Infrastructure · advanced
Tensor Parallelism (TP)
Tensor parallelism shards individual layers across multiple GPUs — splitting each matrix multiplication so different GPUs compute different output dimensions in parallel.
Explanation
For models too big to fit on one GPU (or to run fast enough on one), the weights of each layer are split column-wise or row-wise across N GPUs. Each GPU computes its slice; the partial results are combined via all-reduce after each block.
Tensor parallelism keeps compute local (cheap intra-node communication on NVLink) but requires fast interconnects — within-node NVLink, not across-node networking. Beyond ~8 GPUs the all-reduce overhead dominates.
Used together with pipeline parallelism (split layers across GPUs, not within) and data parallelism (replicate the model, split the data) in large-scale training and inference. NeMo, Megatron, vLLM, and TensorRT-LLM all implement TP.
Examples
- Llama 3 70B in BF16 (~140 GB) split across 4× H100 (80 GB each) with TP=4.
- Frontier training runs commonly use TP=8 within node + pipeline parallelism + data parallelism across nodes.
Frequently asked
What is Tensor Parallelism?
Tensor parallelism shards individual layers across multiple GPUs — splitting each matrix multiplication so different GPUs compute different output dimensions in parallel.
What is an example of tensor parallelism?
Llama 3 70B in BF16 (~140 GB) split across 4× H100 (80 GB each) with TP=4.

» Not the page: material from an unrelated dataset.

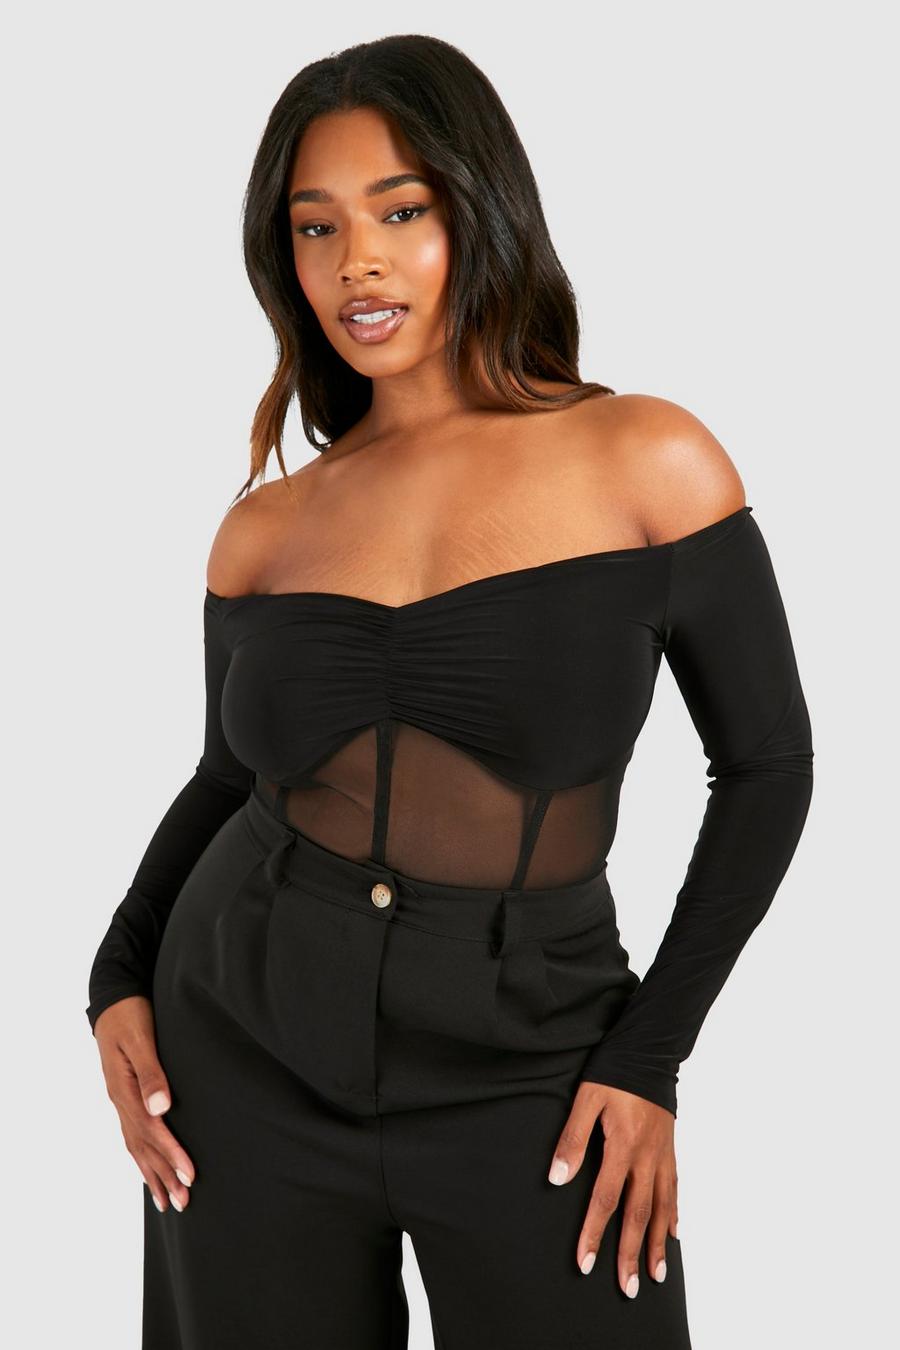 https://media.boohoo.com/i/boohoo/gzz86300_black_xl/female-black-plus-bardot-corset-mesh-bodysuit/?w=900&qlt=default&fmt.jp2.qlt=70&fmt=auto&sm=fit

How is Tensor Parallelism related to Pipeline Parallelism?
Tensor Parallelism and Pipeline Parallelism are both infrastructure concepts. Pipeline parallelism splits the model by layer across GPUs — GPU 1 holds layers 0-15, GPU 2 holds 16-31, etc. Forward passes flow through the pipeline like an assembly line.
Is Tensor Parallelism considered advanced?
Tensor Parallelism is generally considered advanced-level material in the AI and LLM space.